Thursday, November 13, 2008

career ur doin it rong

Today I learned that I did not get a position at work that seemed perfect for me.
This is the eighth interview I've had at my company without a single offer. My current position is adequate, but provides little chance for advancement and is not where I want to be in five or 10 years.
Why didn't I get the job? The only reason I can discern (aside from any one of several full-blown conspiracy theories) is that I was a bit lighter on technical skills than they wanted, although I was assured during the interview that I would be trained on any technical applications I might need.
It's the ultimate career conundrum--you can't get a job because you don't have experience, but WHERE IN THE HELL ARE YOU SUPPOSED TO GET THE EXPERIENCE? (And I'm a bit old for the Army!
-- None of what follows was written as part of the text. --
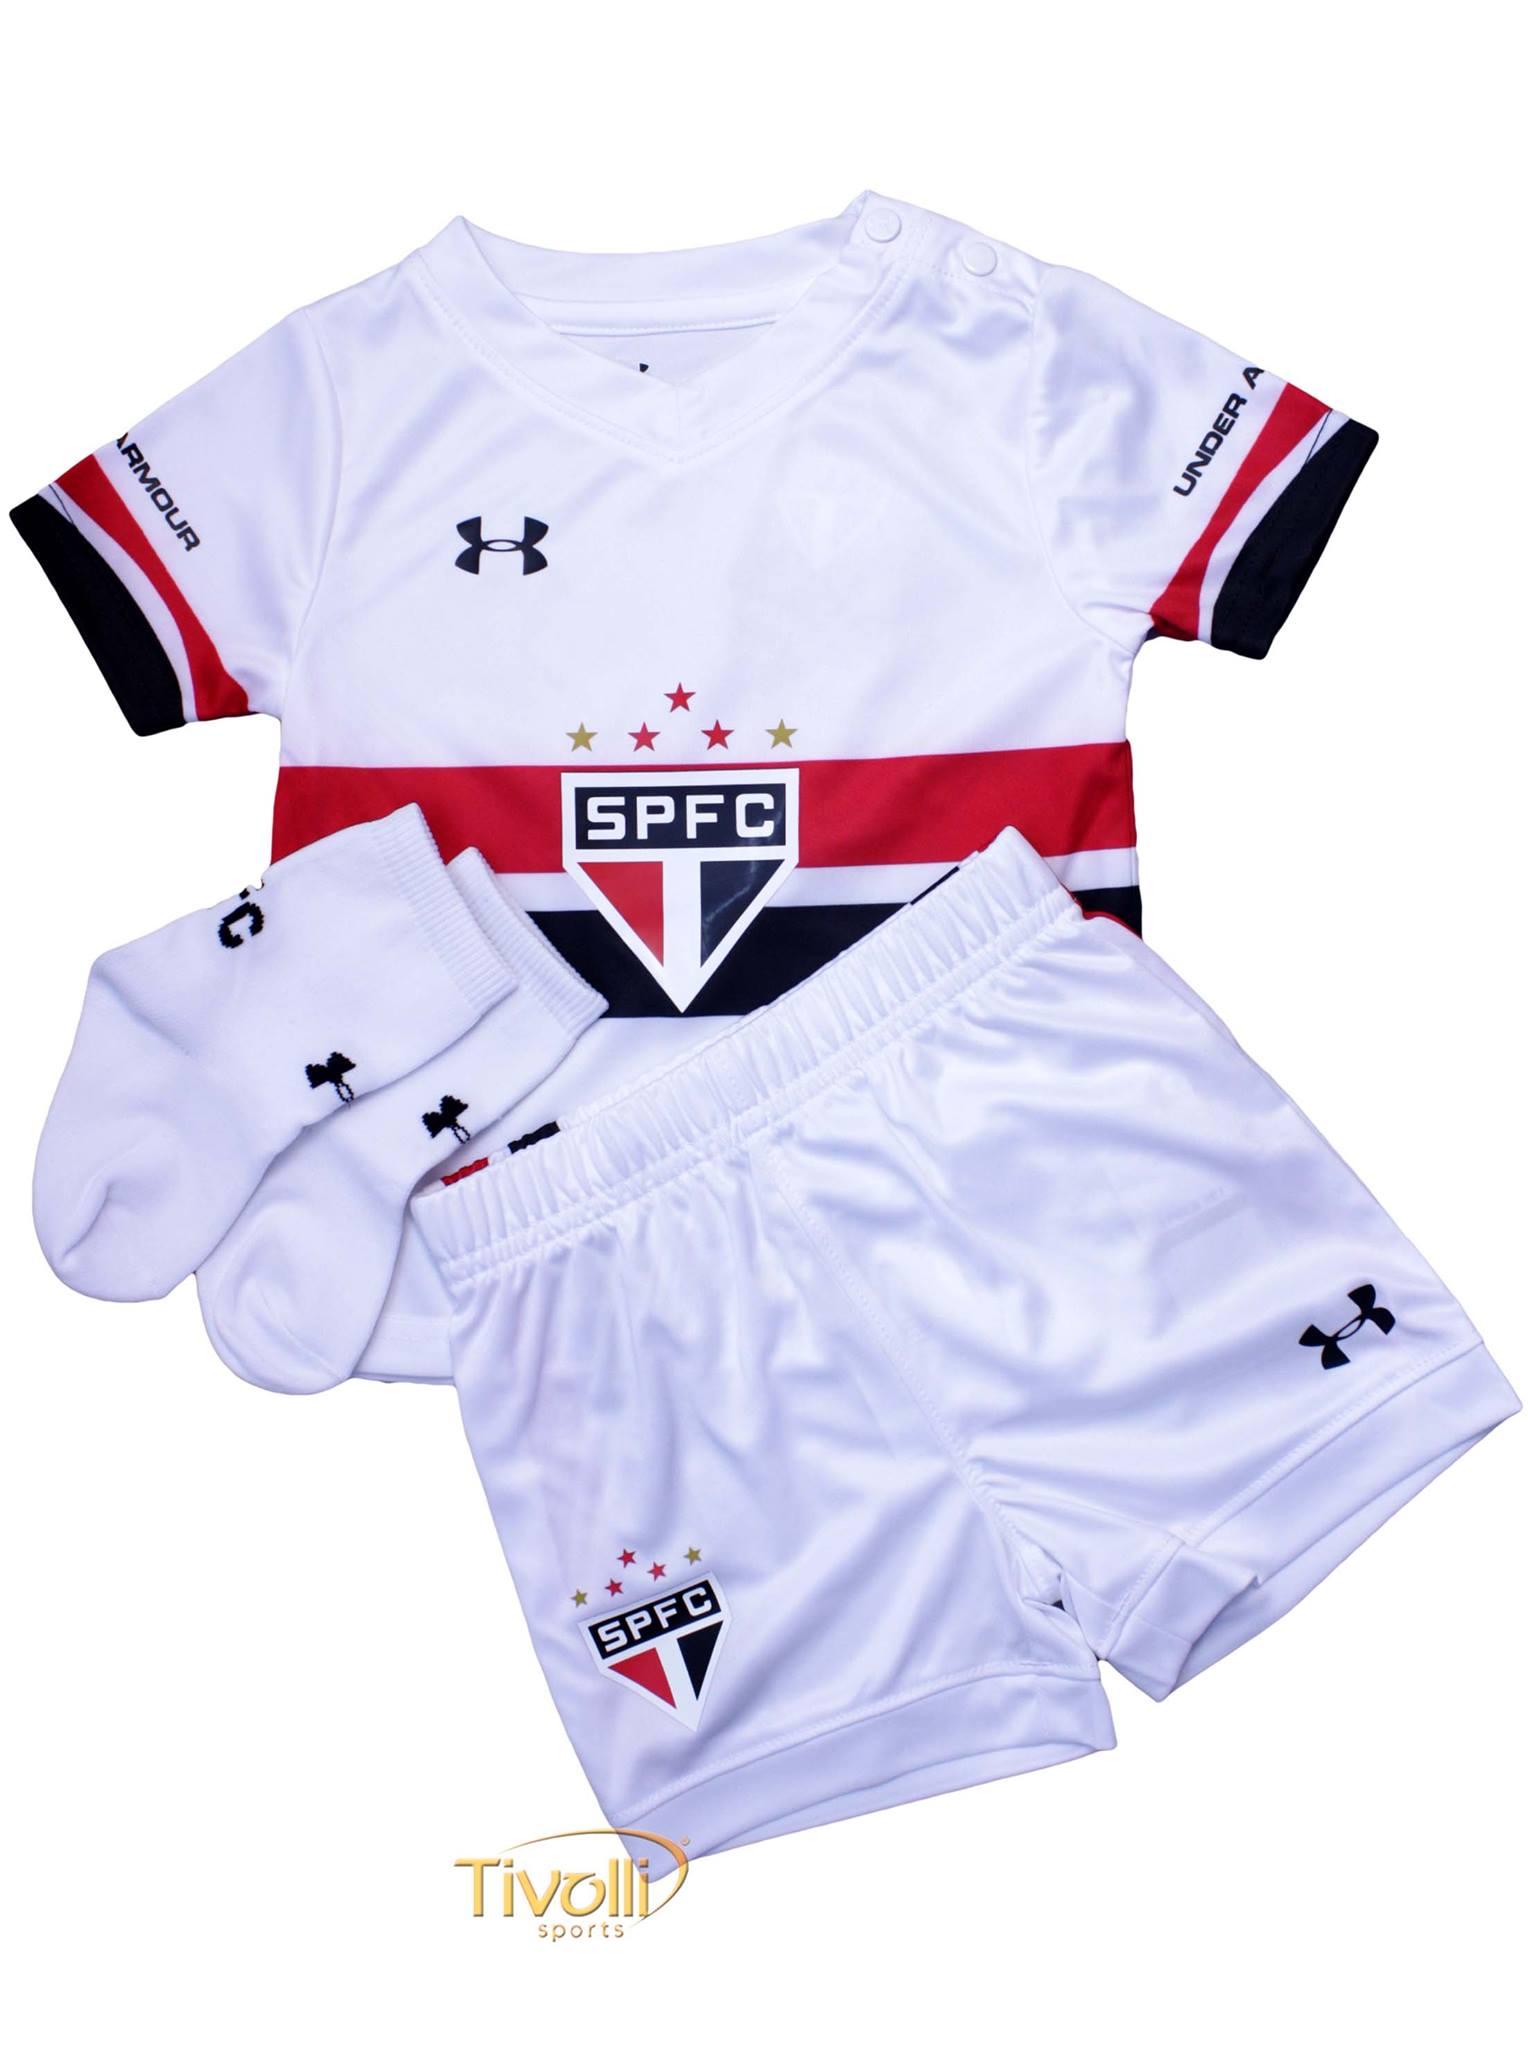 876f436fe Kit Infantil São Paulo I Under Armour 2016/17 Branco, vermelho e preto 2 a  4 anos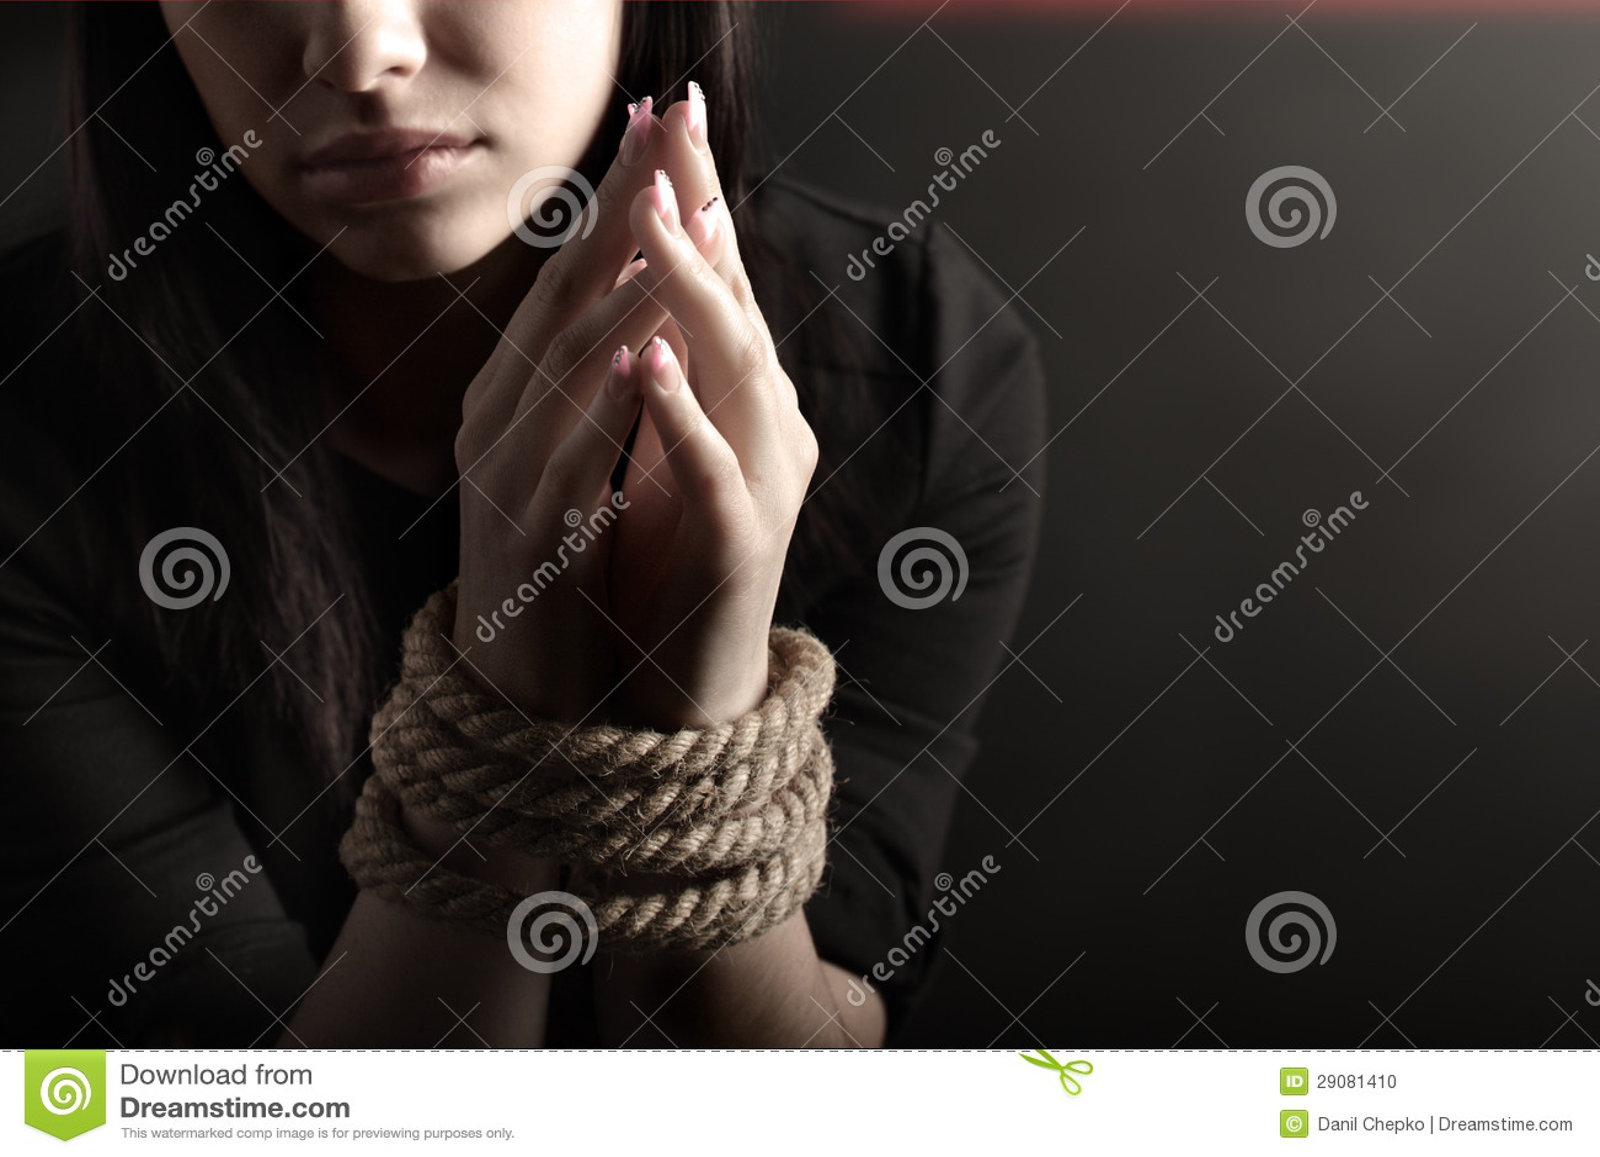 Связанные руки девушек фото 186-849

Navy! Air Force! Marines! Just the fact that I remember that ad ages me terribly.)
This is a big problem in information technology because the field changes rapidly. I earned a subsequent bachelor's degree in Management Information Sciences in 2002, and what I learned in school already seems dated. I can tell you the difference between ring architecture and bus architecture, but nobody cares. IT job openings make my head spin nowadays. C#? J2EE? WTF?
I haven't done myself many favors. As far as my career goes, I have always had a bad habit of jumping on every bandwagon right before it goes off a cliff. I got into IT back in the good old days, when every other ad on TV was for a dot-com. By the time I graduated, the dot-com boom was gone. Hard to believe that it was only nine years ago that Newsweek ran a cover of a cartoon woman crying and asking, "Why aren't I rich yet?" Now they could have her ask, "Why did I lose my house?"
Also working against me (for most positions) is that my pre-tech experience is in journalism. I once worked for the Daily Racing Form, which makes many techies react as if I'd been in prison. (Seriously, one interviewer actually started to get up from the table when he read that paragraph on my resume.) One person told me that my background had nothing to do with data. Anybody who thinks the Form has nothing to do with data has obviously never read one.
So where does this leave me? Do I keep trying to find another position in my company, hoping that the ninth, 15th, 28th time will be the charm? Do I keep sending resumes out into the black hole of cyberspace?
Or do I just clean up my cube and assume I'm going to be sitting in it for a long time?